The following document was copied from http://www-01.ibm.com/support/docview.wss?rs=961&context=SSXMUG&dc=DB520&uid=swg21113428

The udebug program allows a System Administrator to examine the ubik status of a server by specifying the port of the database server process they wish to check. This program is distributed with AFS in the third tar file, and is normally installed in /usr/afs/bin.

Syntax:
% udebug -help
Usage: udebug -servers <server machine> [-port <IP port>] [-long ] [-help ]

As with most other AFS commands, the "-long" switch can be used to obtain more detailed output. The port numbers for the database servers may be obtained at the link following this document.


In each of the examples that follow, the following information applies:

"Host ###.###.###.###" shows the IP address of the host with which you are communicating.

"his time is 0" indicates that clocks are synchronized relative to the client's time.

"his time is n" indicates the number of seconds of skew between the local workstation clock and the server's clock. This number should be 2 or less. Any number greater than 5 or 10 can be the source of synchronization problems. Note, it may be the workstation's clock that is off, not necessarily the server's clock. To verify the server's clock, compare it to the other server's times.

"Vote: Last yes vote for ###.###.###.### at -xx" displays the server site that it last voted for and the number of seconds that have passed since that vote was performed. A vote is taken every 15 seconds to determine a sync site. Usually, the only server conducting a vote will be the sync site. However, if any server goes for 75 seconds without hearing from the sync site, then that server will initiate a vote. When a server is voting for an "unknown" file server you will see its vote for address 255.255.255.255. Note, the "-xx" should be less than 90.

"Last yes vote started at -#########" is the number of seconds that have passed since a yes vote was received. This in uninitialized or less than 90.

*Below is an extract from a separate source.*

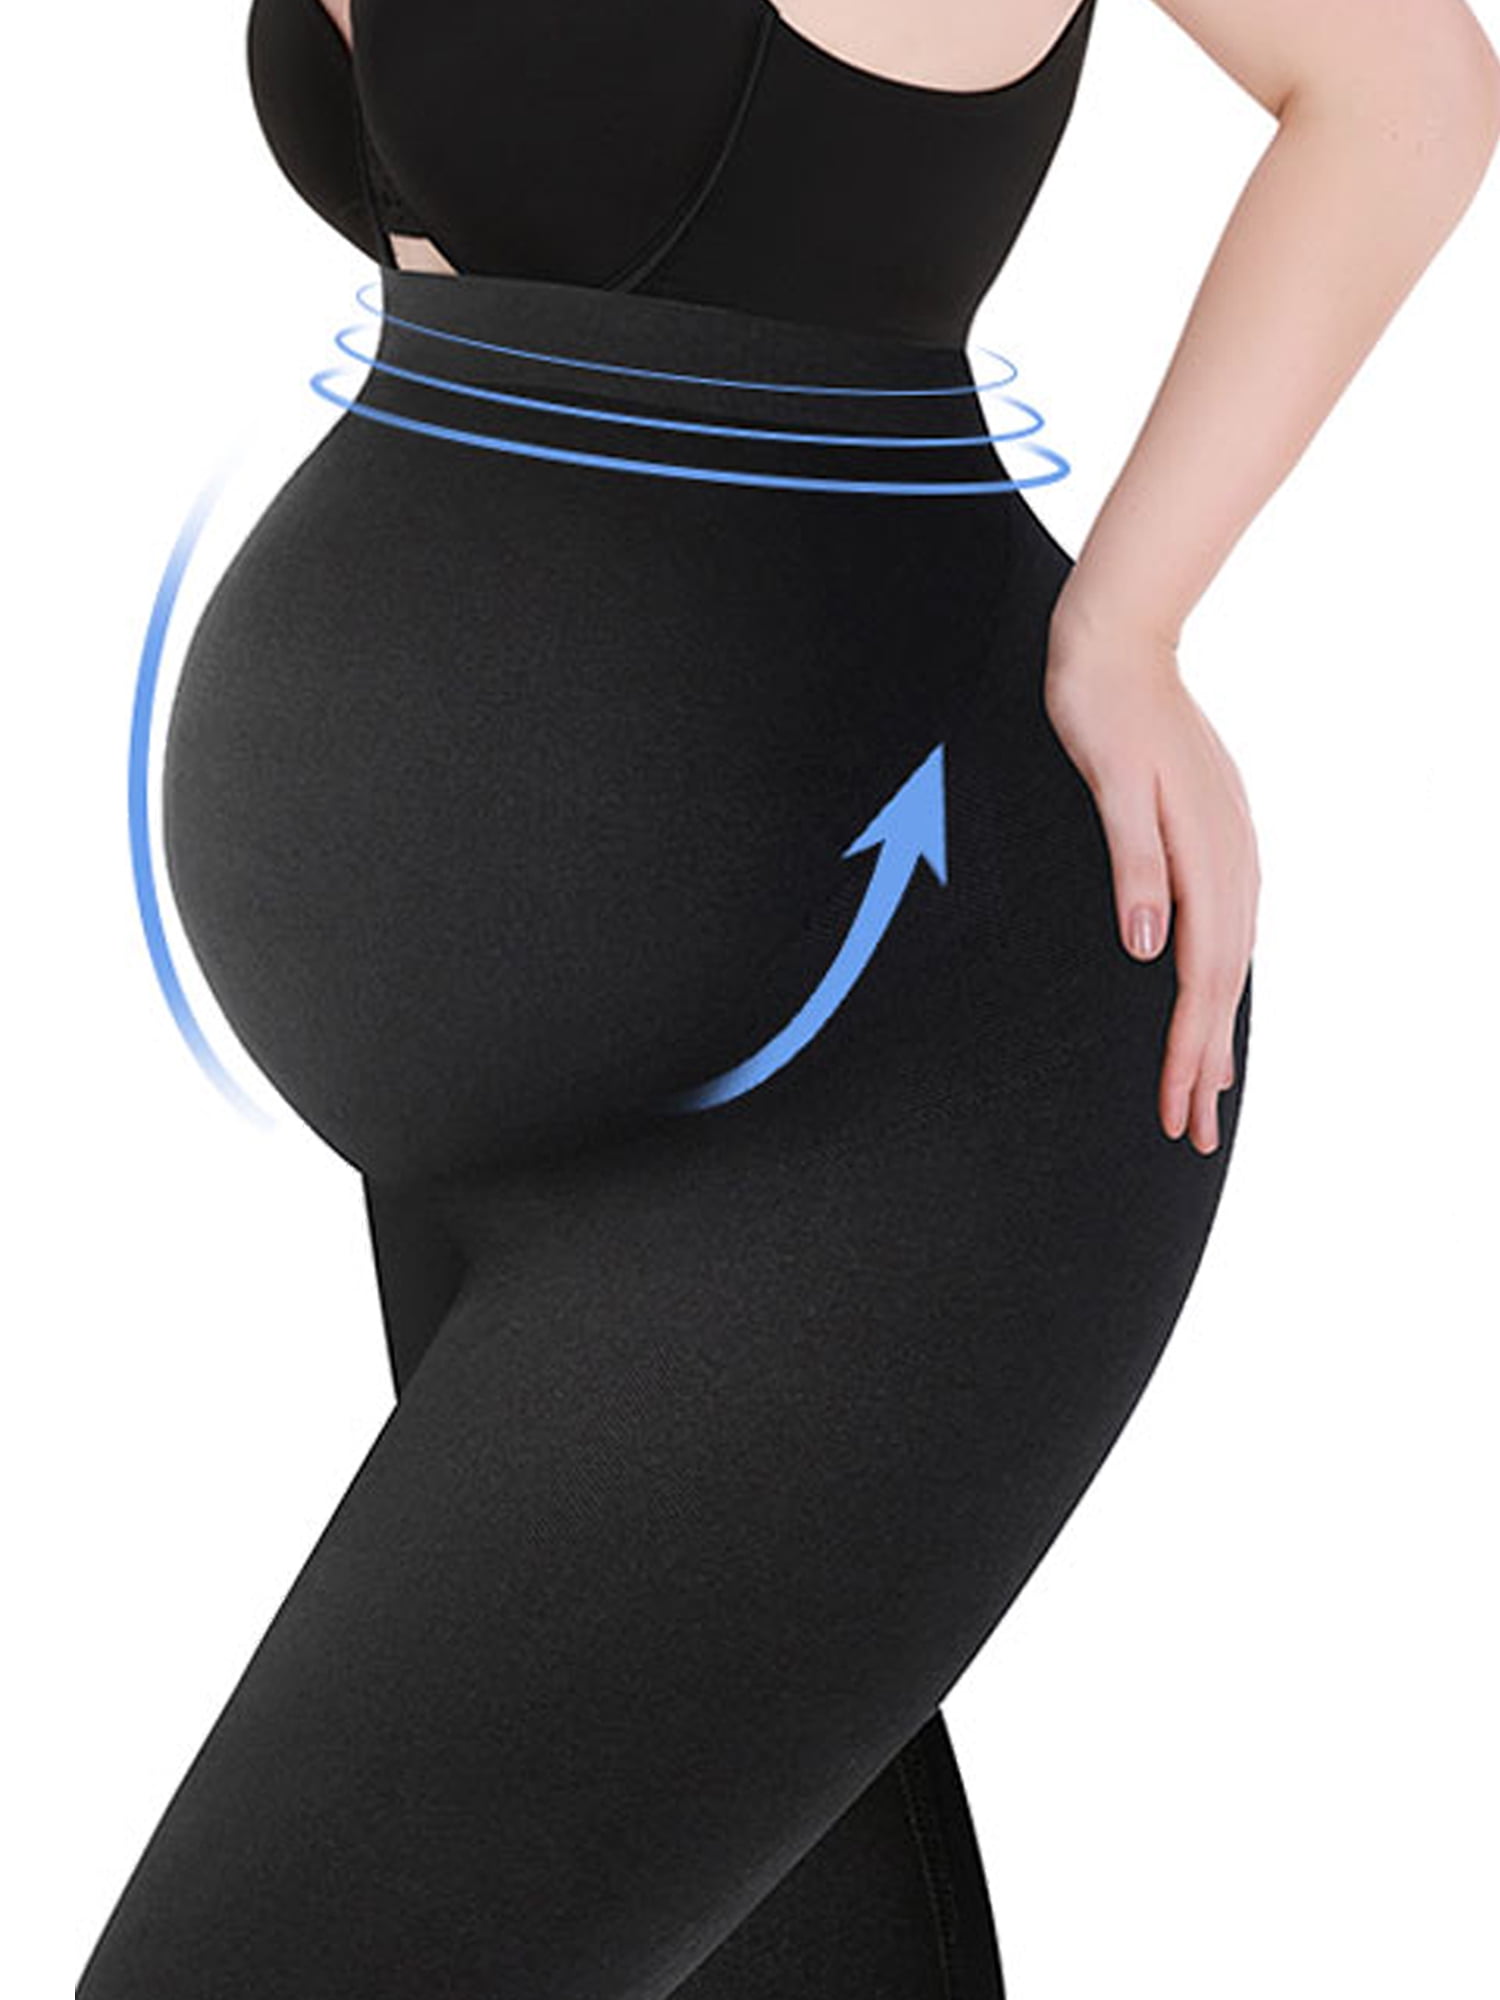 SHER Women Maternity Shapewear Seamless Pregnancy Belly Support Underwear High Waist Thigh Shaper Panty Over Bump

"Local db version is #########.#" is the version of the database at the local site. This should match the version listed with "Sync site's db version" described below. The first part of the version number is a time stamp indicating when the current sync site was elected. The second part following the "." starts at 1 and is incremented on every update made to the database.

"I am (not) sync site" will display status of the server with which you are communicating if that site is not the sync site.

"I am sync site until xx (x servers)" displays only if the server with which you are communicating is the sync site.

"Recovery state xx" will appear only on the sync site. A hex value is displayed that shows the status. The normal status is "1f" which will be shown if all of the bits are turned on. Any value other than "1f" could indicate problems, and the status of each bit should be investigated.

Bit descriptions counting from the right (i.e. 54321):
-The 1st bit (1), shows that it is the sync site.
-The 2nd bit (2) shows that all of the database versions it sees on the other database servers are okay.
-The 3rd bit (4) shows that the sync site has fetched the best database that it sees.
-The 4th bit (8) shows that it has changed the version number of its database.
-The 5th bit (16) shows that since it became the sync site, it has sent a copy of its database to the other database servers.

"Lowest host ###.###.###.### at -x" displays the IP address of the server with the lowest IP address and the number of seconds that have passed since it voted for the lowest IP address host.

"Sync host ###.###.###.### at -x" displays the IP address of the file server machine that is the sync site, and the number of seconds that have passed since it voted for the sync site.
"Sync site's db version is #########.#" indicates the version of the database which is housed at the sync site. This should match the version listed with "local db version" above.
"n locked pages, n of them for write" indicates the status of currently active updates, if any. This normally will display 0. If it appears to be stuck at a value other than 0, contact AFS Product Support.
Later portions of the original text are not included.